### Problem details
Reproduce the listing below word for word and exclude any picture.
[Given material]
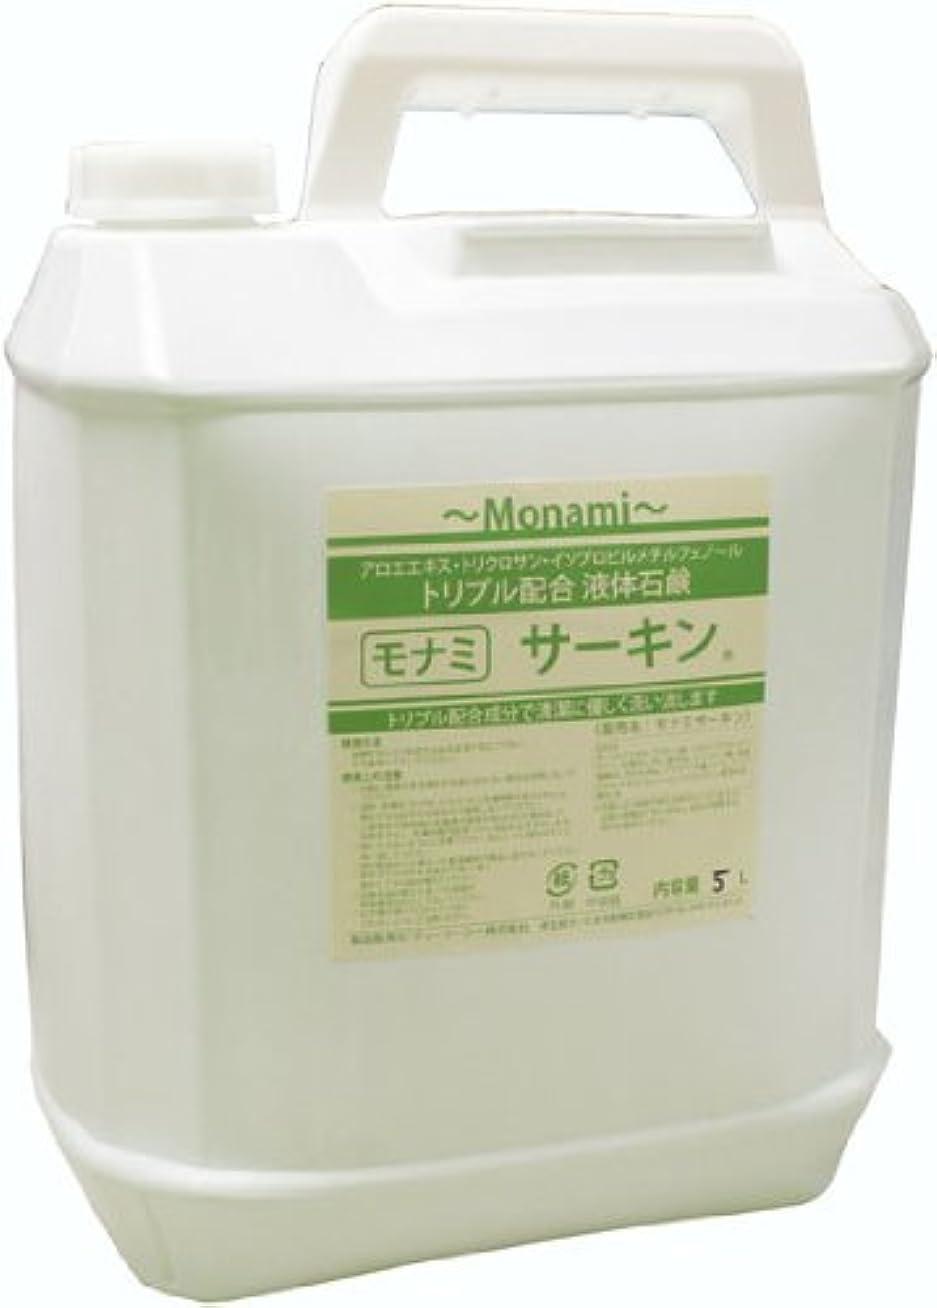 中級敬な変形保湿剤配合業務用液体ソープ「モナミ サーキン5L」アロエエキス、トリクロサン、イソプロピルメチルフェノール配合
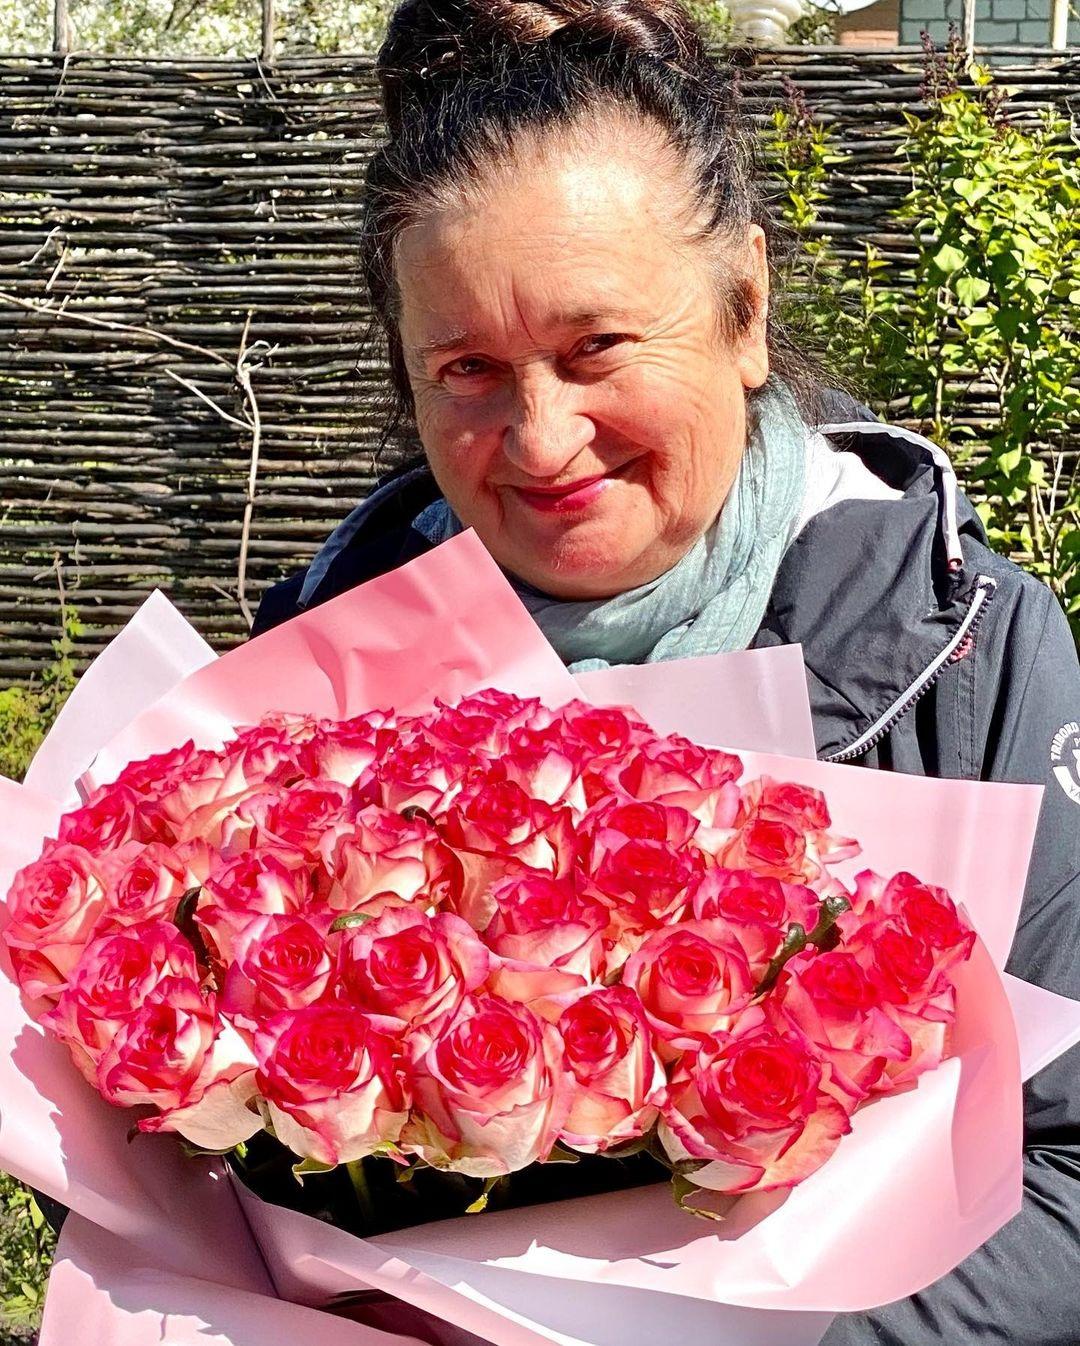 день матери украинские звезды как празднуют что дарят Лидия Таран семья мать
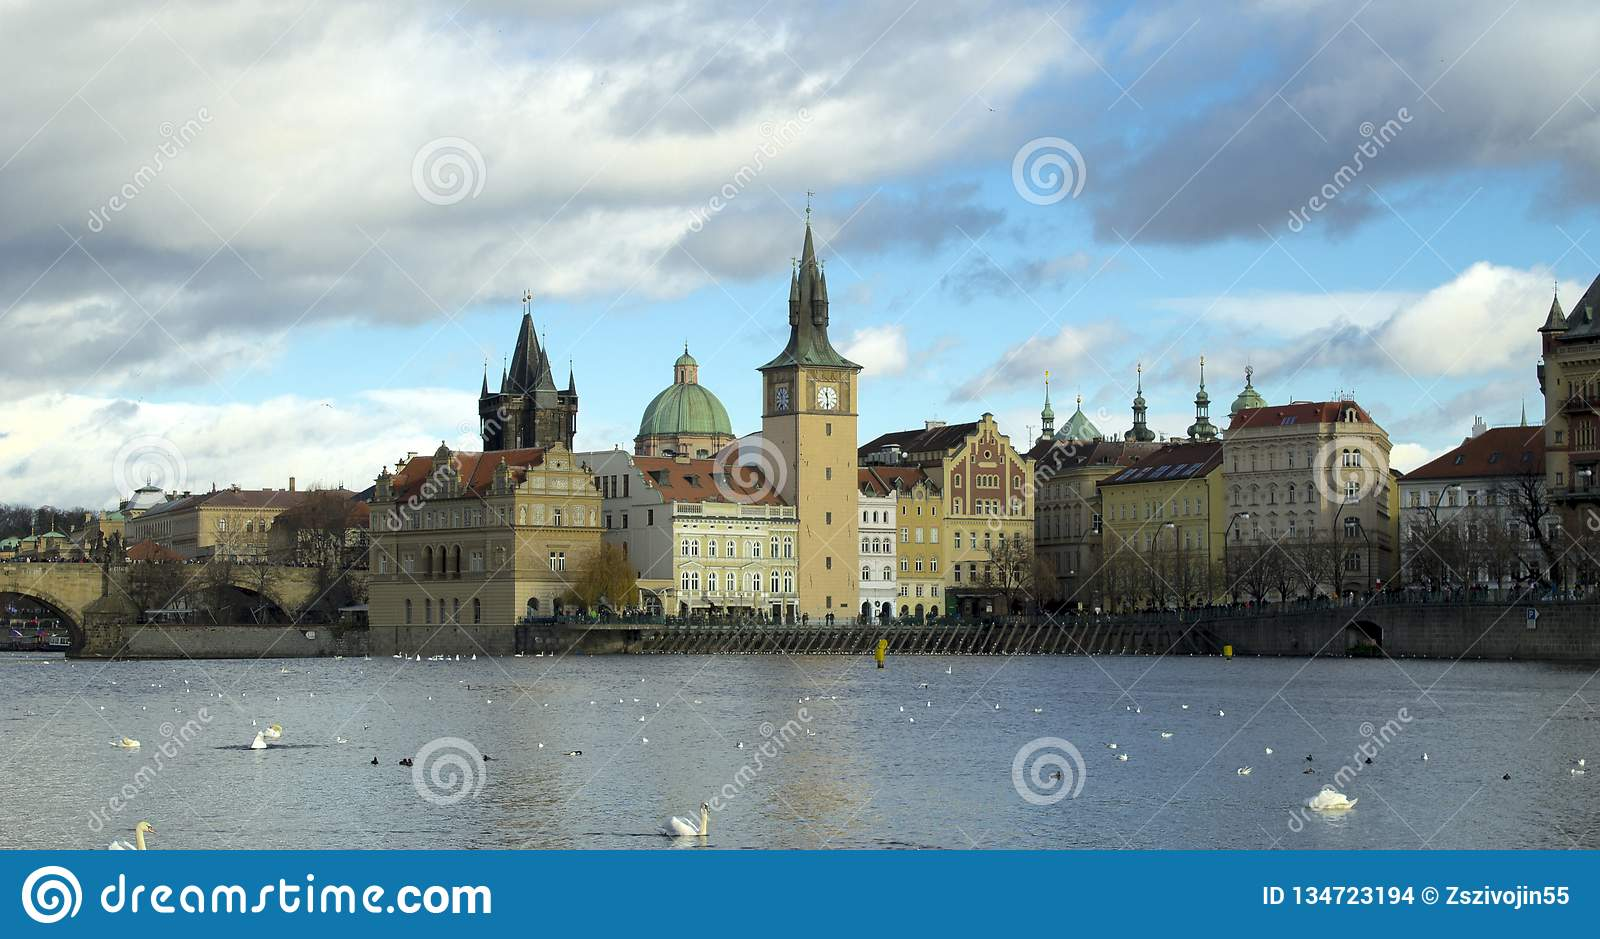 'My памяти и впечатления от Праги - великолепного места
[/Given material]
### Written response
 中級敬な変形保湿剤配合業務用液体ソープ「モナミ サーキン5L」アロエエキス、トリクロサン、イソプロピルメチルフェノール配合
 день матери украинские звезды как празднуют что дарят Лидия Таран семья мать
 'My памяти и впечатления от Праги - великолепного места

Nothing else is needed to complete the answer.